Every number is wrapped in a Value that carries:

Field	Holds
data	the actual number (computed forward)
op	the operation that produced it (`+`, `*`, `tanh`, or none for a leaf)
children	the input Values it was produced from
grad	the derivative of the loss with respect to this value (computed backward; starts at 0)

Running an expression forward builds a computational graph of these nodes.

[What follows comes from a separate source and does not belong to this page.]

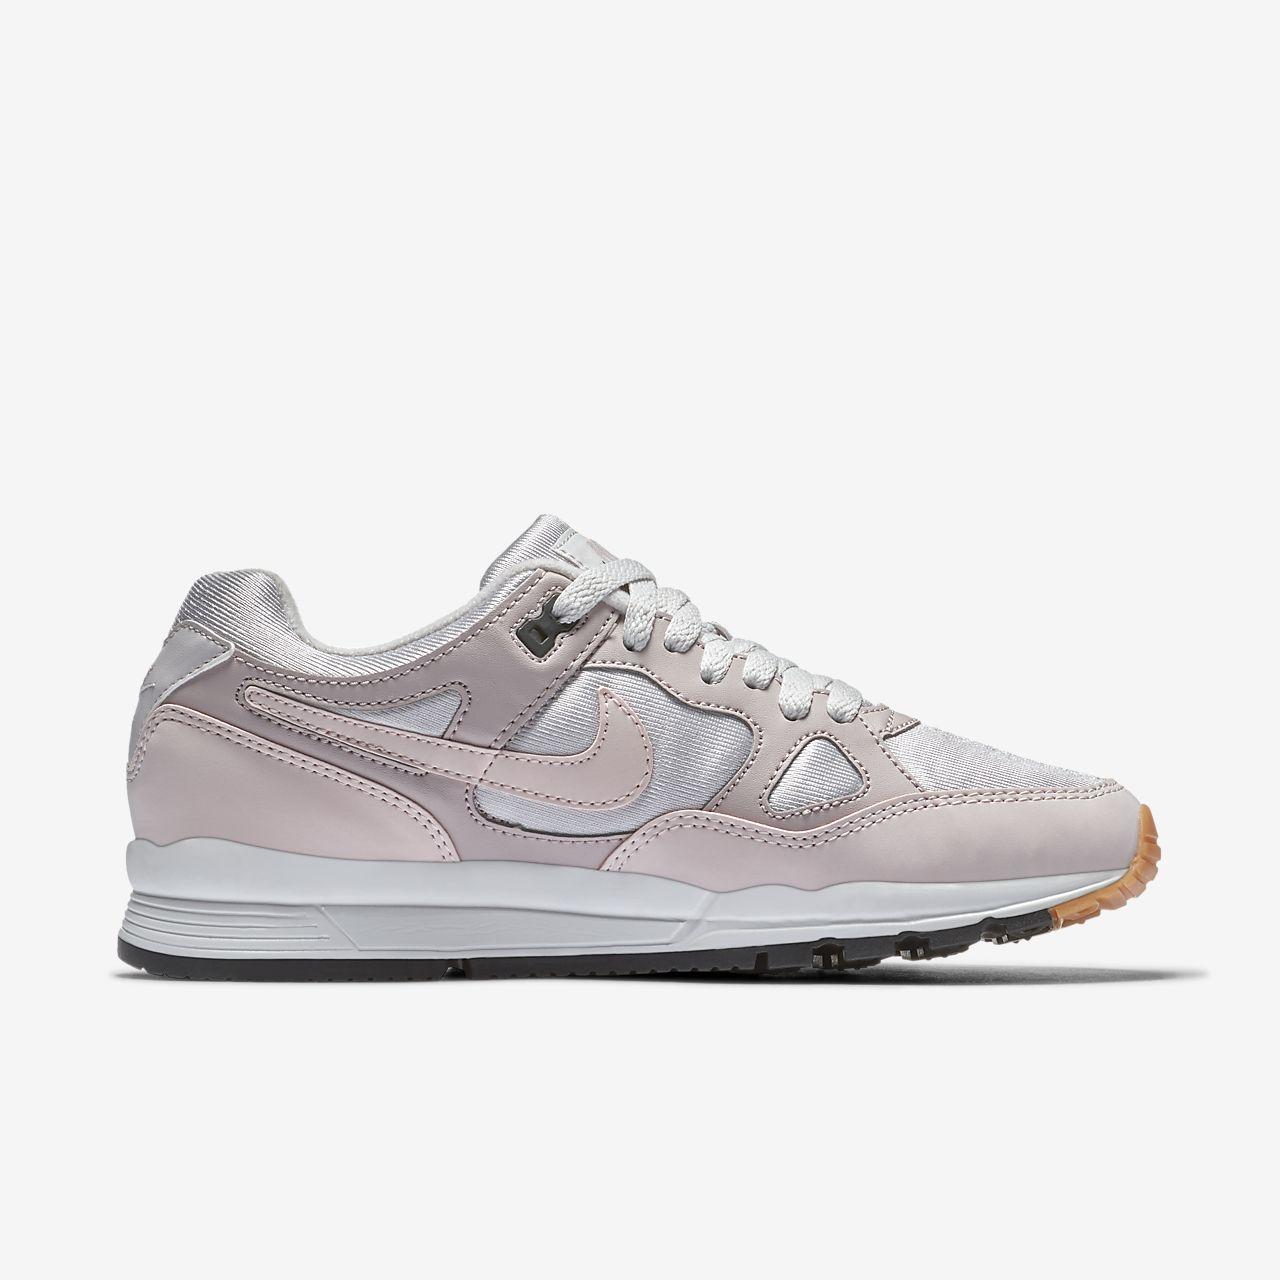 Nike - Air Span II - Baskets - Rose - Rose 0 EU Etnies Metal Mulisha Fader Chaussure - white black print RLhWqa

That is the forward pass.

Local derivatives (known per operation)

Operation	Local derivative	In words
`d = e + c`	1 for each input	addition passes the gradient through unchanged
`e = a * b`	`b` to `a`, `a` to `b`	each input gets the other input’s value
`t = tanh(x)`	`1 - tanh(x)^2`	the squashing nonlinearity that makes a neuron

Backpropagation recipe

Seed the output: grad of L = 1 (dL/dL = 1).
Walk the graph backward in reverse topological order.
At each node, grad of child = (grad of node) × (local derivative).
A node feeding two places sums the gradients arriving from both.

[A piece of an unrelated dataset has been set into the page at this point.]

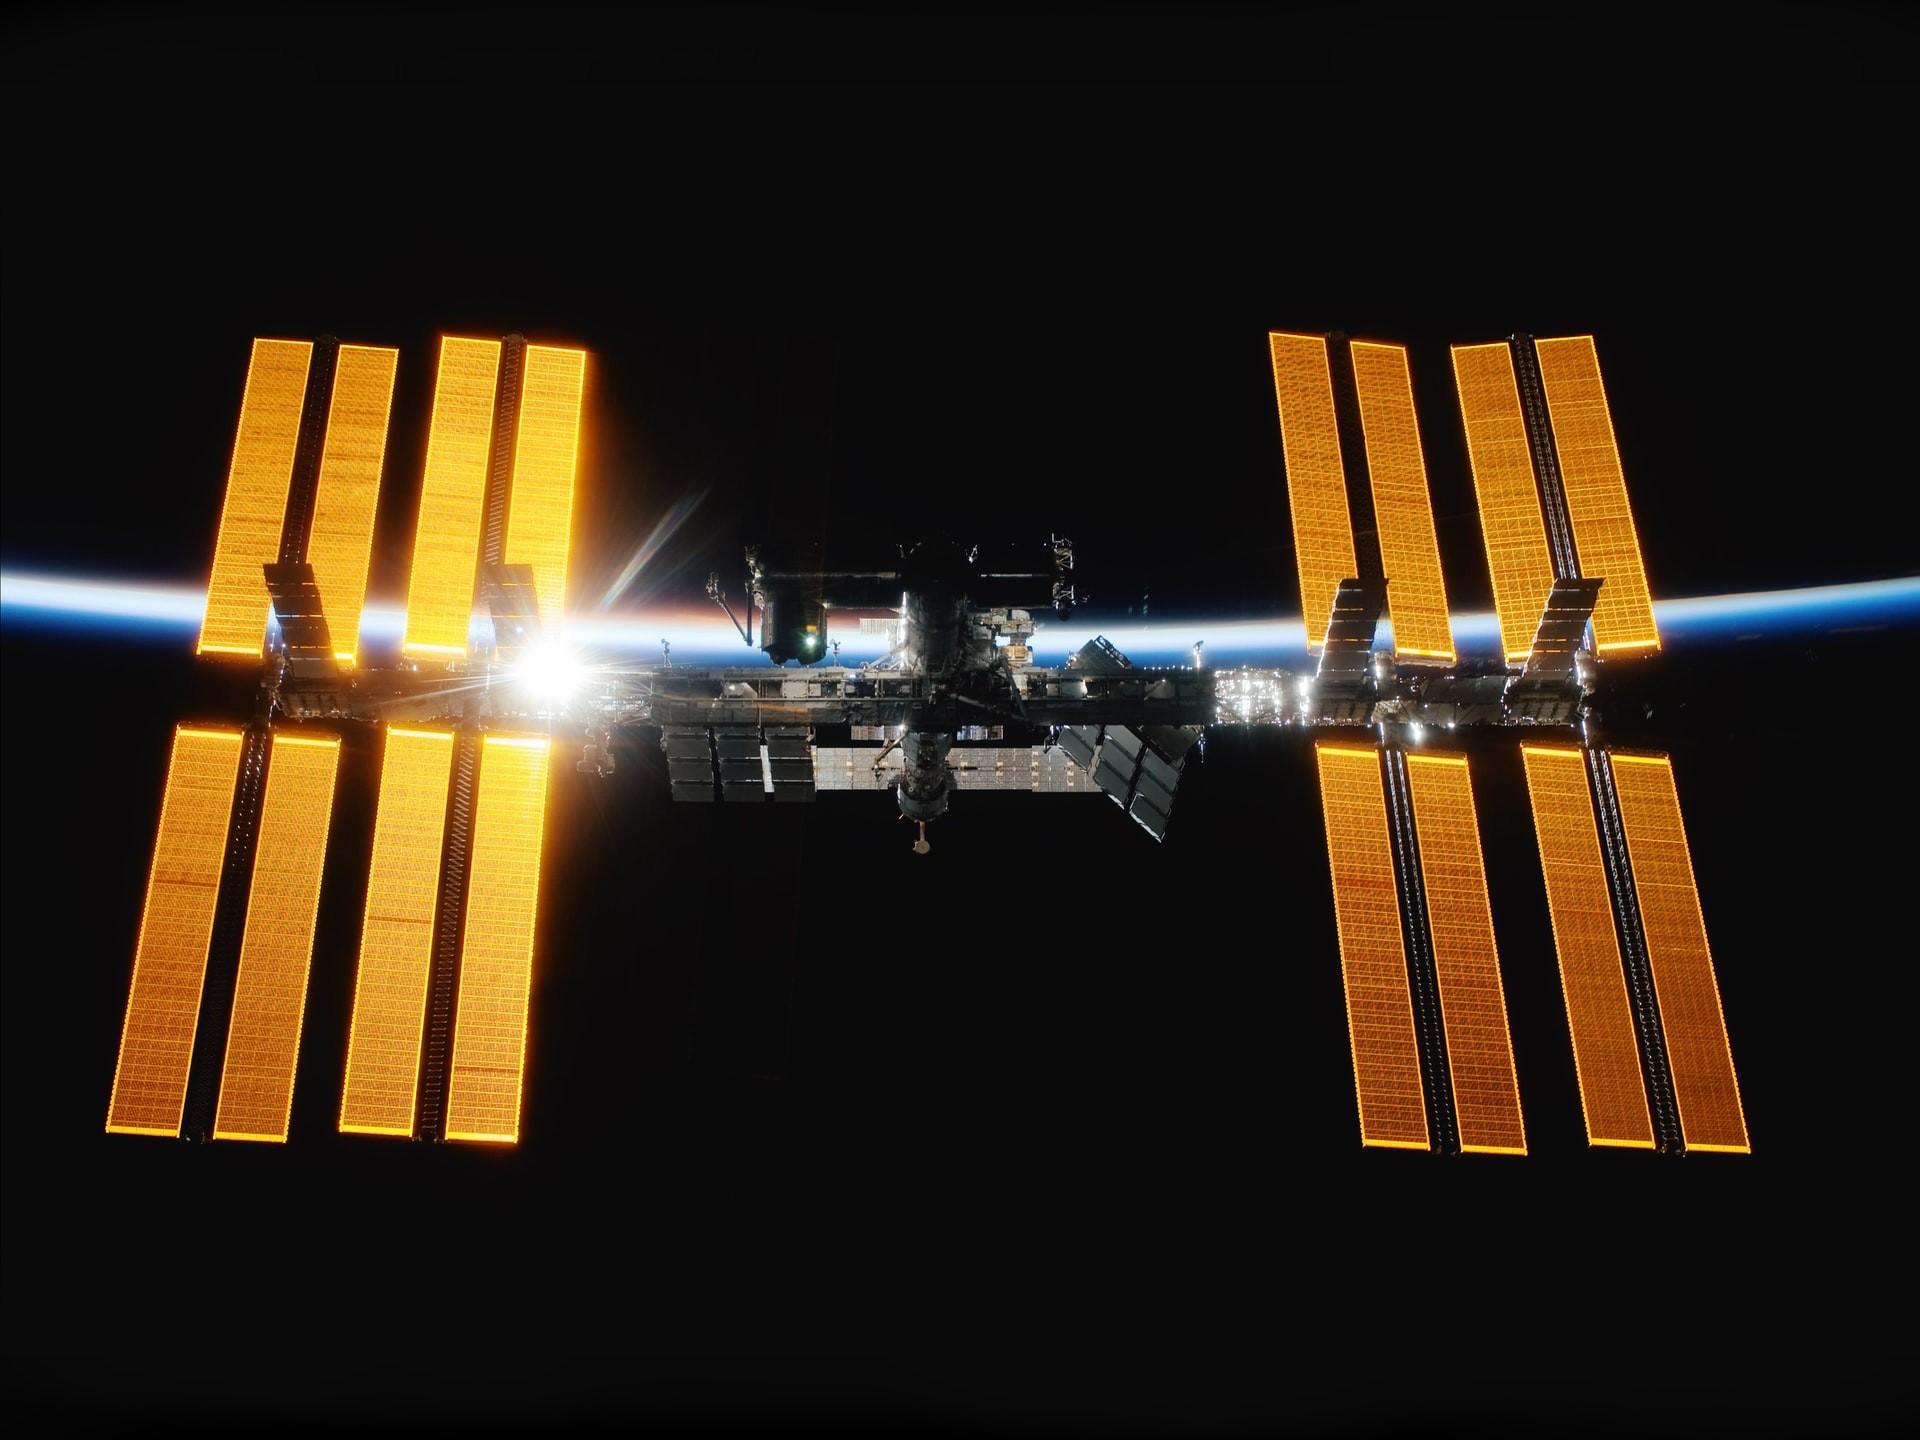 Take a virtual tour to the international space station.

This is the chain rule (rates multiply through a composition) applied node by node. When done, every node holds dL/d(itself).

Worked backward pass

Leaves a=2, b=-3, c=10, f=-2. Forward:

e = a*b = -6     d = e+c = 4     L = d*f = -8

Backward (seed grad L = 1):

grad d = 1·f = -2      grad f = 1·d = 4
grad e = grad d · 1 = -2     grad c = grad d · 1 = -2
grad a = grad e · b = (-2)(-3) = 6
grad b = grad e · a = (-2)(2) = -4

So dL/da = 6, dL/db = -4, dL/dc = -2: nudge a up a hair, the loss rises six times as fast.

Why it matters for AI

loss.backward() in PyTorch (or JAX, TensorFlow) is exactly this procedure: a recorded graph, a local derivative per op, the chain rule walked backward until every parameter holds its gradient. micrograd is ~150 lines on single numbers; real frameworks are millions on tensors. Same idea. Nothing inside is a mystery.

Pitfalls to dodge

Autograd is symbolic calculus. No, it propagates numbers backward through the graph; no formula is derived.
Multiply derivative uses the same input. No, grad of a for e=a*b uses b, the other factor.
Skipping reverse topological order. A node must receive all its incoming gradient before passing any down.
Confusing data with grad. A node holds both: data (forward) and grad (backward). a has data 2, grad 6.

The one-line version

An autograd engine records the computation as a graph, knows each operation’s local derivative, and walks the chain rule backward through the graph so every input ends up holding its gradient.